September 11th, 2007 | 13 comments

If you’ve been online for more than a day, you know what Google PageRank (PR) is. You may also know that PR is calculated on a page by page basis rather than on a site by site basis as well. Many people are confused about pagerank, thinking it’s worthless. The PR that so many people say is worthless is the toolbar PR, but that’s a whole other story that I explained in a post titled Google PageRank and Alexa Ranking Explained.
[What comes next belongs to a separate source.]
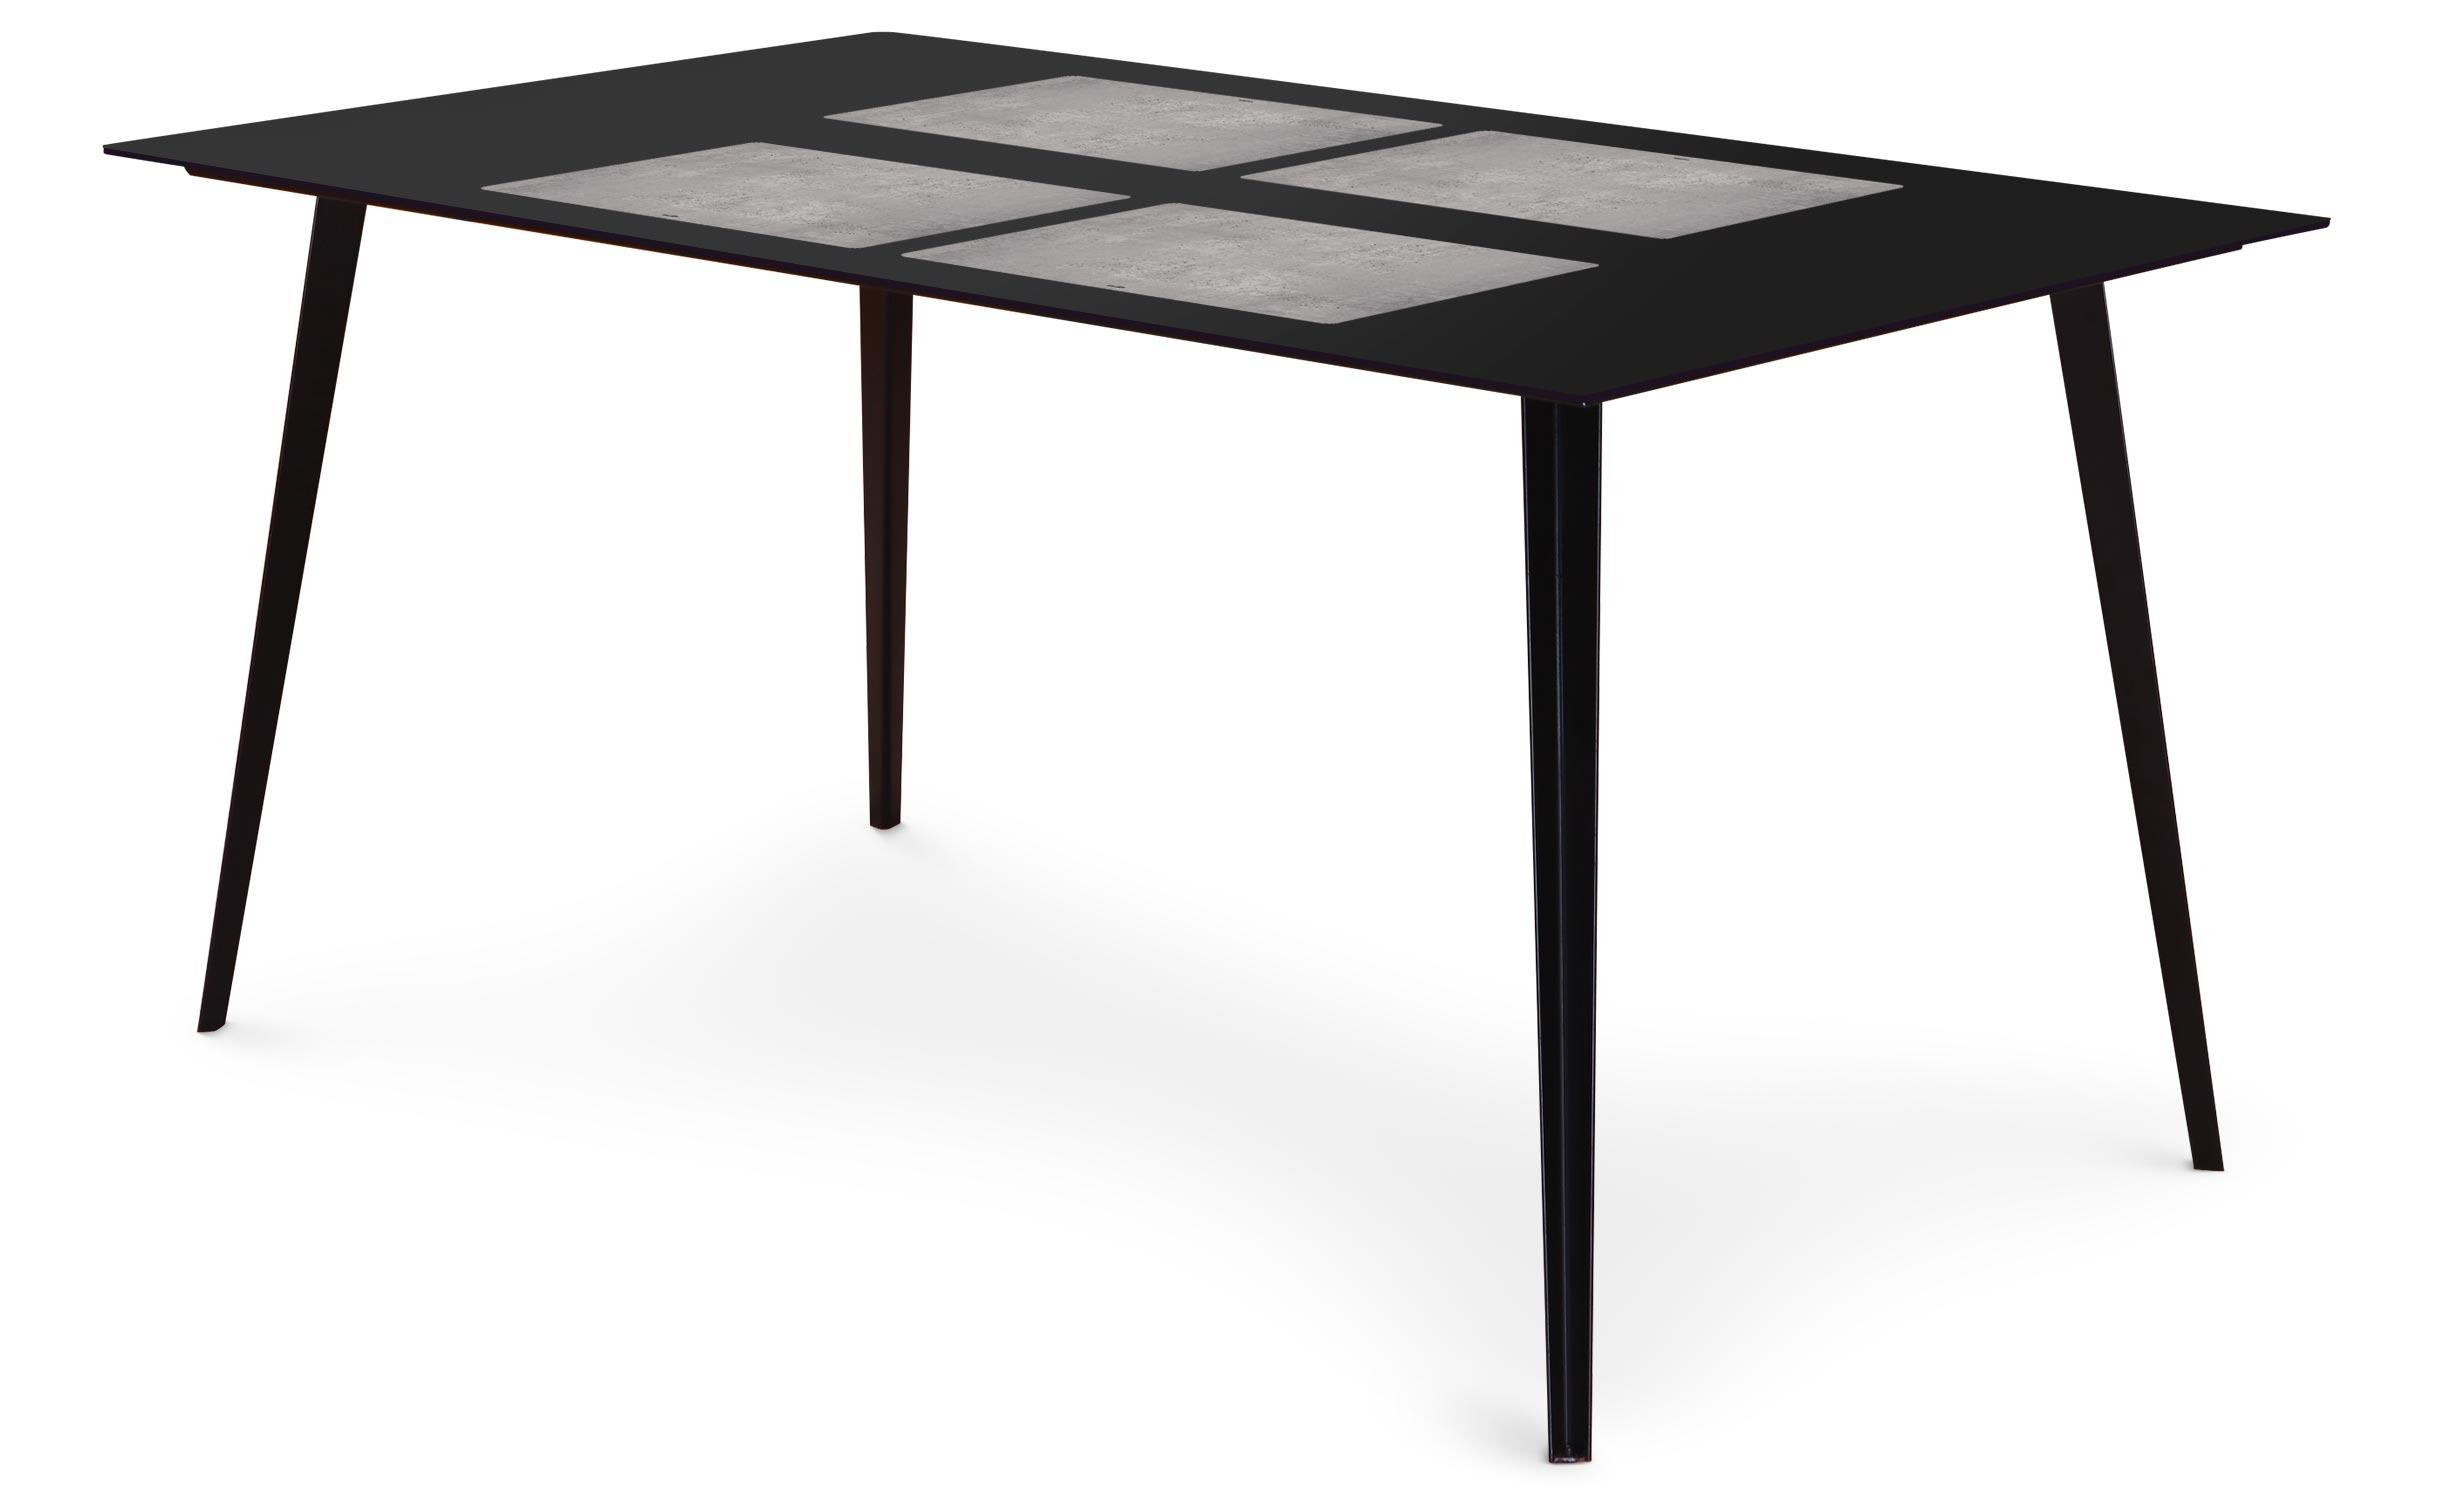 Table magnétique rectangulaire 150x90cm Bipolart Métal Noir avec 4 Sets de table Effet Béton
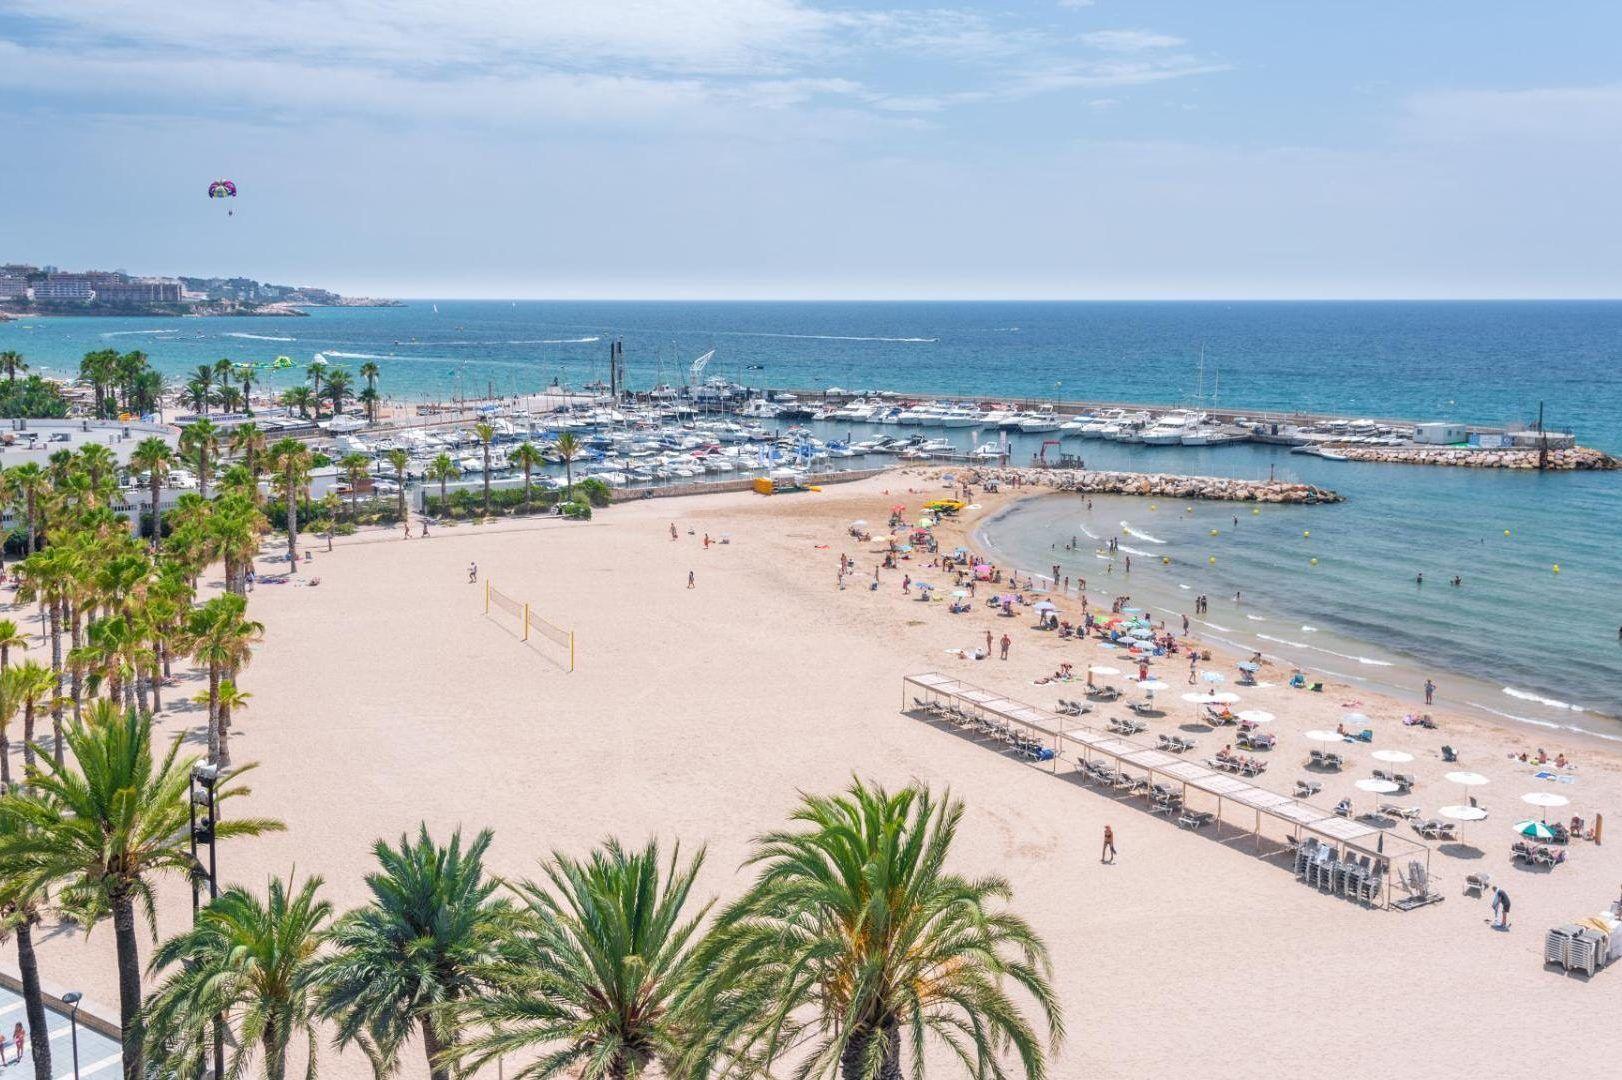 weitläufiger Strand auf Eurer Sportreise an der Costa Daurada

What I want to talk about right now though is your internal linking site structure and pagerank leakage. What does your site structure have to do with your pagerank? It actually has a lot to do with it.

First you need to understand what “pagerank leakage” is and what it isn’t. Let’s say you have a page that has an actual PR of 6. That page has 30 outgoing links, both internal links (other links from your site) and external links (links going to other sites on the web). That PR6 page now distributes all of that PR to each of those links. This does NOT mean that the PR6 site is losing pagerank. It’s pagerank will remain. So, linking out to internal and external pages is NOT what PR leakage is!

Hopefully that PR6 page isn’t the only page on the site so now you need to think about the page as a small part of a network. That page, and every one like it, has PR to distribute. If all of these pages are distributing boat loads of PR to external pages (not your own pages) then you are “leaking pagerank” because that “link juice” could have been recycled back into your site making it stronger as a whole.

I’m not saying you should never link to other sites on the web, actually you should be. That’s what the world wide web is all about, and if you’re not linking out you’re not participating in the WWW. What I am saying though is to limit your external links. If you find a good blog post that is related to your post/page then by all means link to it.

Here is where so many people go wrong (including myself until Andy showed me the light). Every single link on your pages receive a percentage of the PR assigned to that page. That means all of the following are taking PR away from your site!!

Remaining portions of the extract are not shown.